Фото: Максим Васюнов
Названия слащавые — «Золотой котел», «Вдохновенные дебоши Мариенгофа», «Хулиганские признания» — зато автографы милые и скромные. Вот знаменитая книга Шаршаневича “Конь как конь”, во многом программная для имажинистов, подпись на титульном листе: “Дорогая Марина Цветаева из Вад. Шер”. Цветаева, кстати, скептически относилась к имажинистам, а Вад. Шеру, по воспоминаниям дочери Ариадны, называли «поэтом».
Одна из книг была показана публике впервые и до сих пор считалась затерянной во всех энциклопедиях и каталогах. Тот случай, когда куратору Людмиле Ларионовой повезло – во время подготовки выставки она случайно нашла его в одной из частных коллекций. Это очерк Сергея Есенина “Ключи Марии”. О тайне стихотворения и сущности творчества, как его понимал поэт. На свободном листе собственноручная надпись: “Екатерина Эйгес/ за наши/ приятные встречи/ с любовью/ С. Ясенин/ 1921”. Поэт Эйгес, кстати, не оценил очерк об искусстве, назвав его «не совсем понятным». Но чем она дорожила, так это рукописями Сергея Александровича, оставшимися у нее. А еще помощь от него — он даже делился продуктами с одной из своих муз.
Имажинисты умели дружить, пожалуй, в этом их главный урок для нашего времени. Они не изменили друг другу, и даже когда двое из них уехали за границу – Есенин в длительную “командировку” и Кусиков навсегда (он доживет до 1977 года и умрет в Париже) – все равно остались “связаны одной цепью”. вспомнили друг друга, поддержали, соскучились. «В Москве печаль. Все одни. У нас не банда, а бунт», — писал Мариенгоф Кусиковой в марте 1922 года. С этого момента, по большому счету, и начался закат имажинизма. И потому, что денег было меньше, и потому, что хулиганов власть все-таки взяла, и потому, что, как говорит Людмила Ларионова, это движение не могло не вырождаться, из-за своей скандальности, оно изначально рассматривалось как временное явление.

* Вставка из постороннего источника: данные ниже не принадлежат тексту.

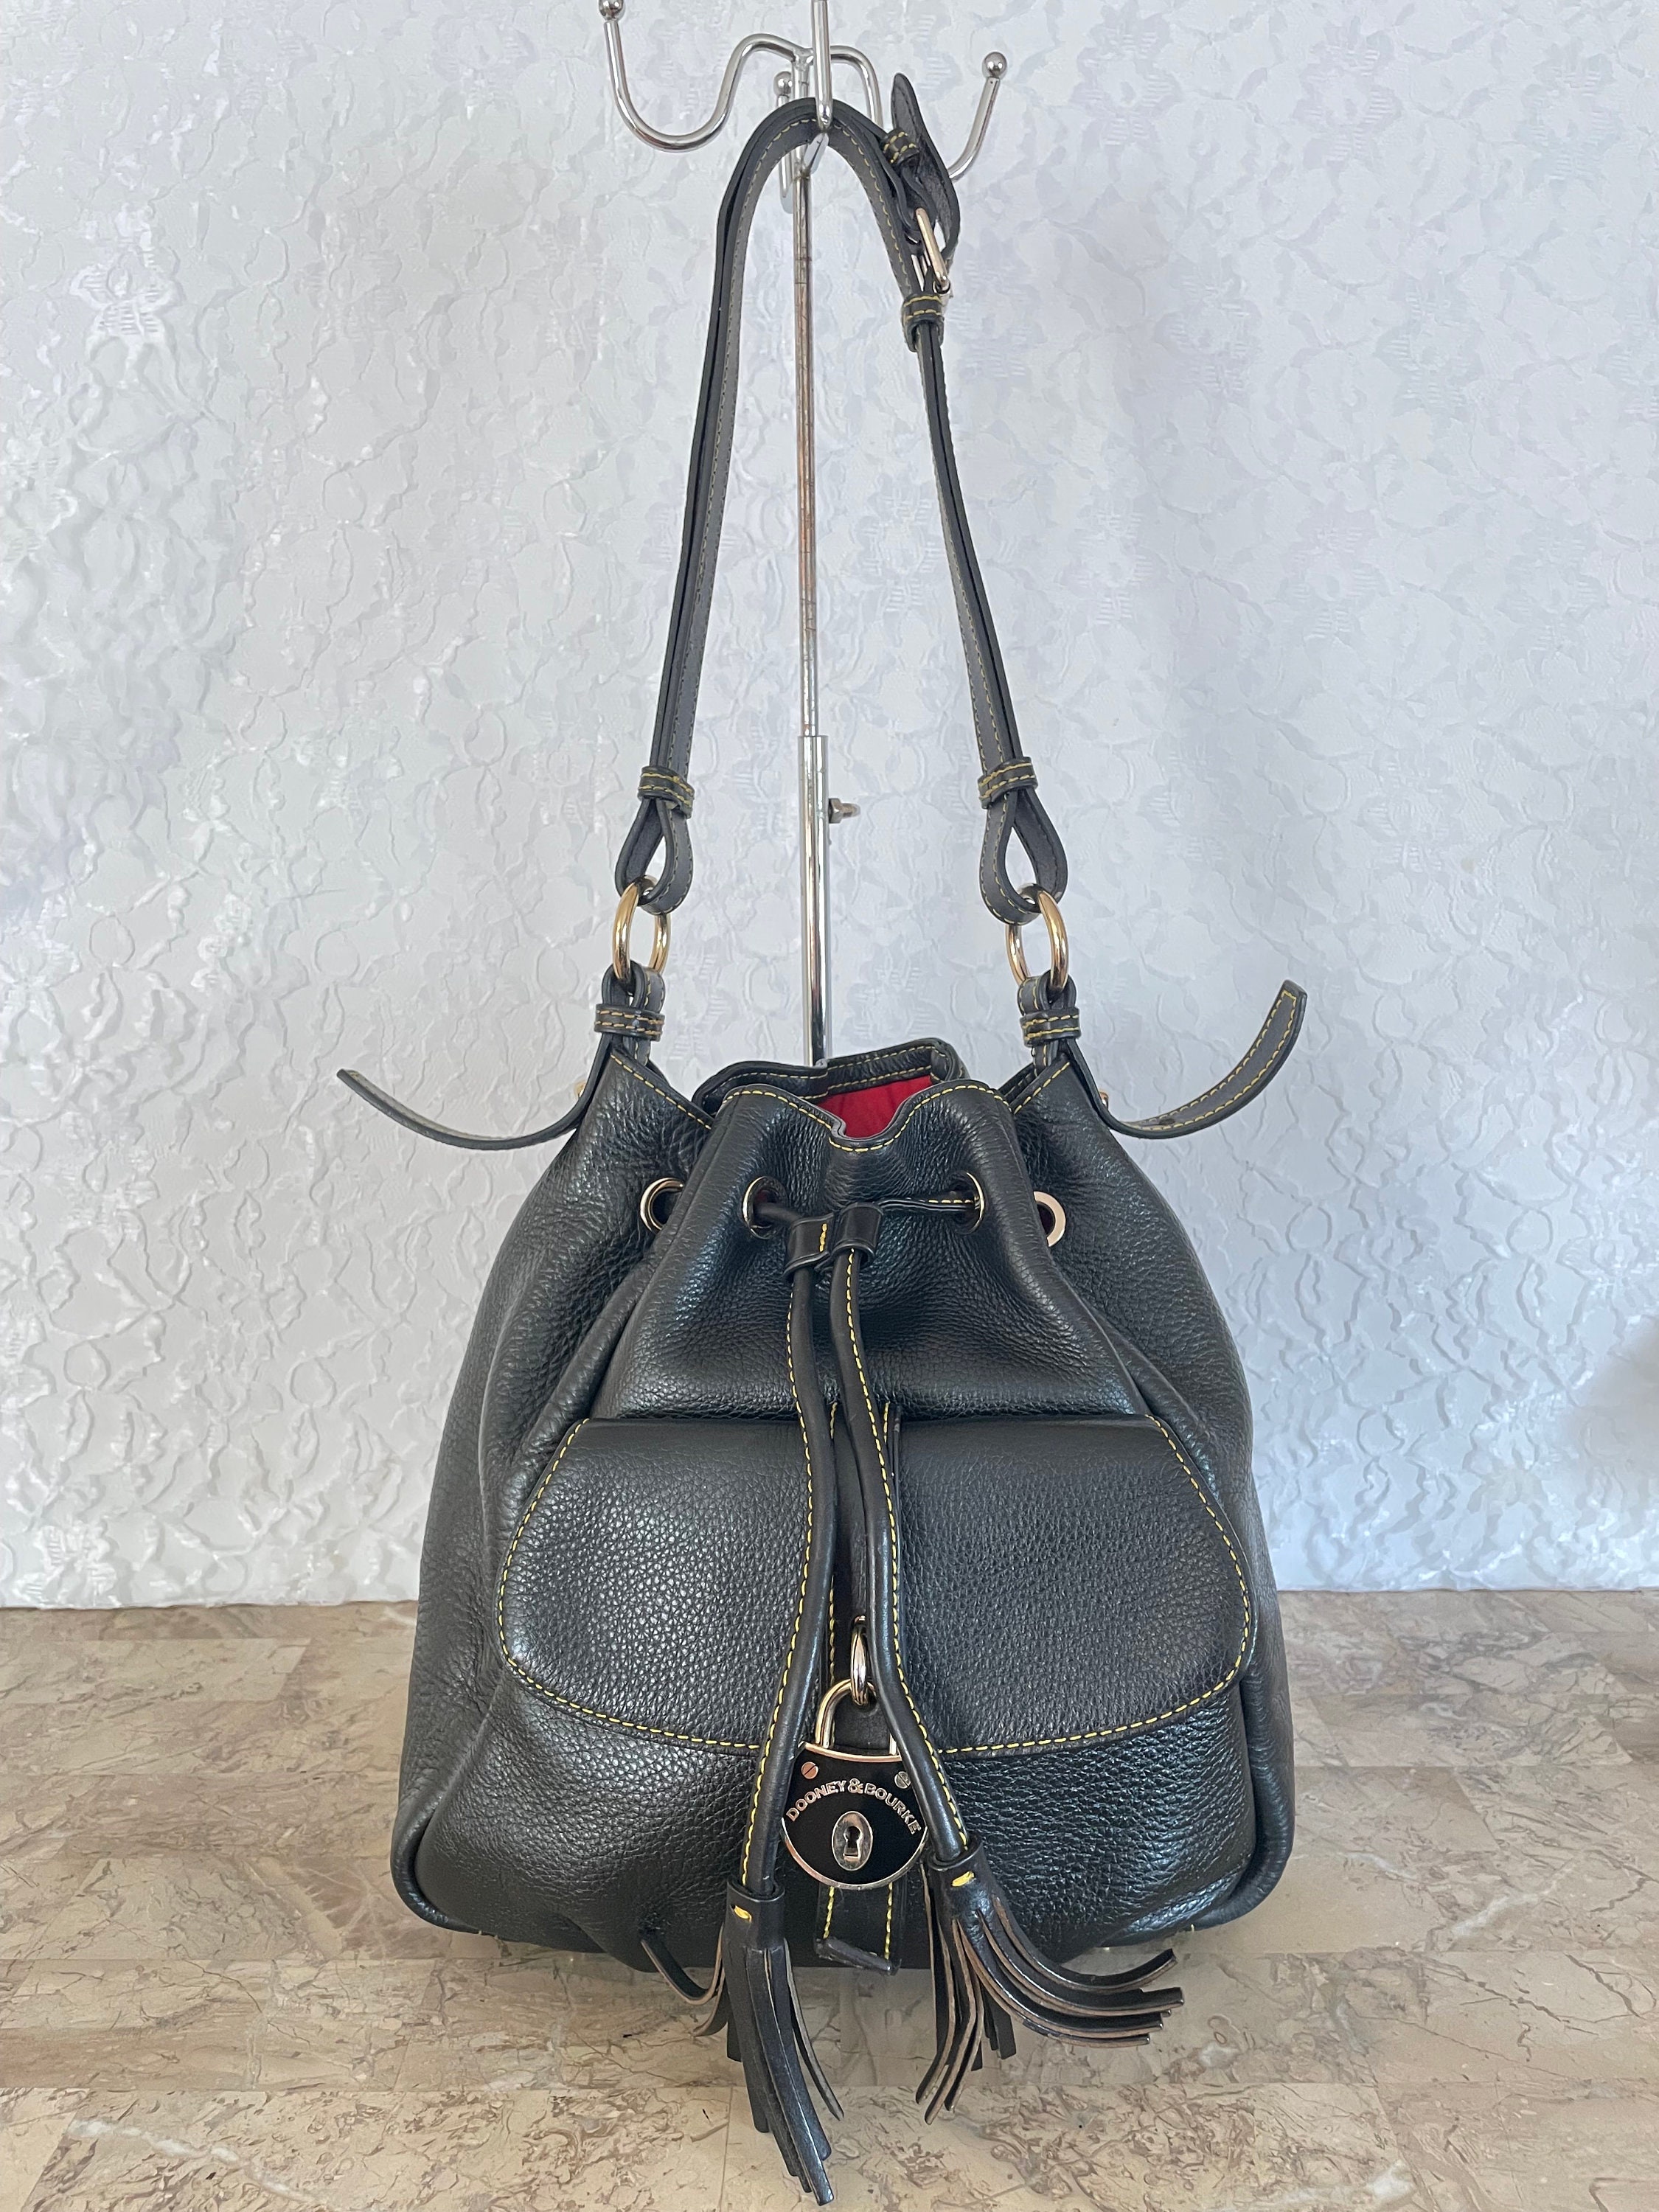 Drawstring bucket bag in palm leaf and calfskin & Dumbo octopus charm in  resin and classic calfskin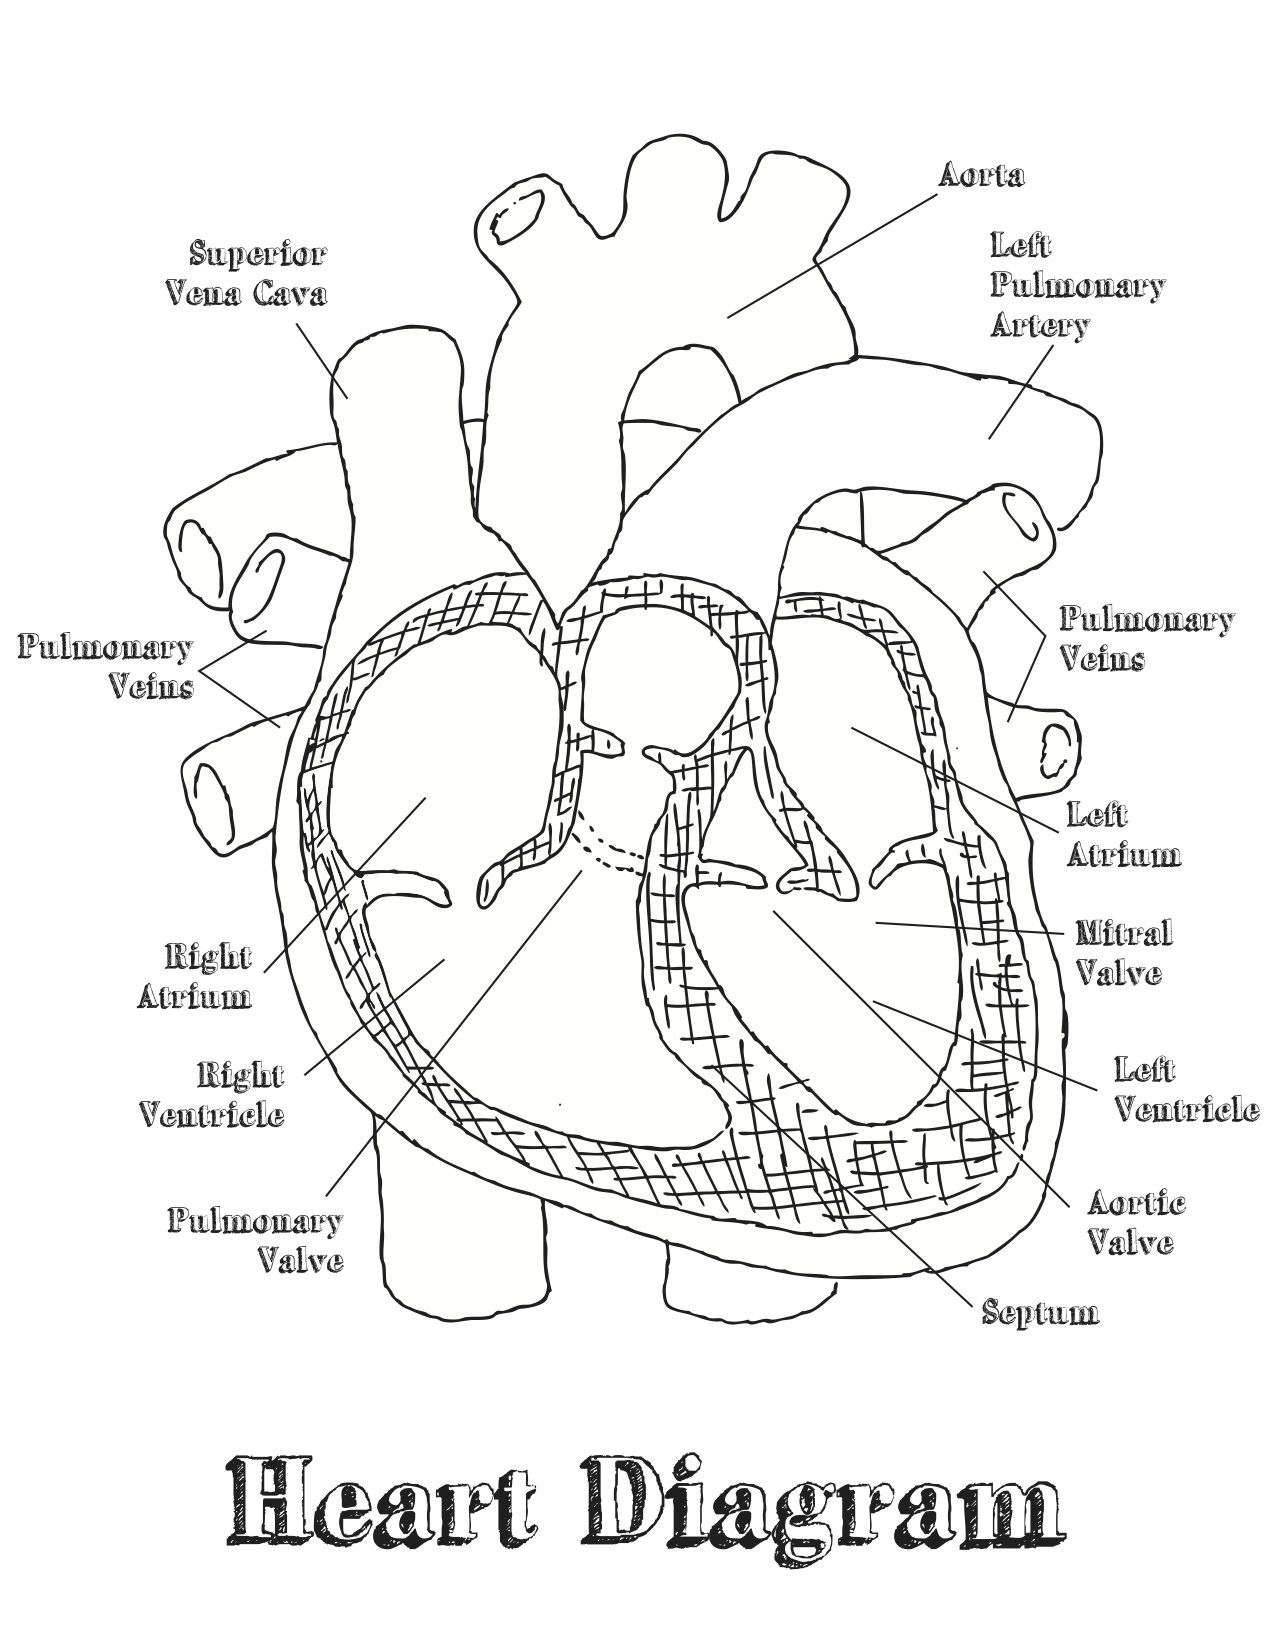 Heart Diagram Labeled Worksheet - Google Search | Home School | Heart Diagram Printable Worksheet

Но все же, в итоге, они все-таки умудрились скандалить. В ларьке «Пегас» имажинисты вместе с философом Алексеем Топарковым устроили вечер памяти Александра Блока. Не было прощальных речей, не было поэтических посвящений, а было только глумление над усопшим – “бордельная мистика” и прочая “правда”. И это через две недели после отъезда поэта. Имажинисты согласились не упоминать о своем «переполнении». И слово было сдержано. И мемуары так или иначе успели оставить – только Есенин умер молодым из той хулиганской четвёрки.
Кстати
Кураторские экскурсии по выставке позволят узнать о судьбах поэтов, их влиянии на литературу и Москве имажинистов — подробная карта их кабаков, квартир и магазинов — один из экспонатов проекта. Будут лекции. Одна из них «Музы-имажинистки: секс большого города в женских поэтических сборниках» запланирована на 17 марта.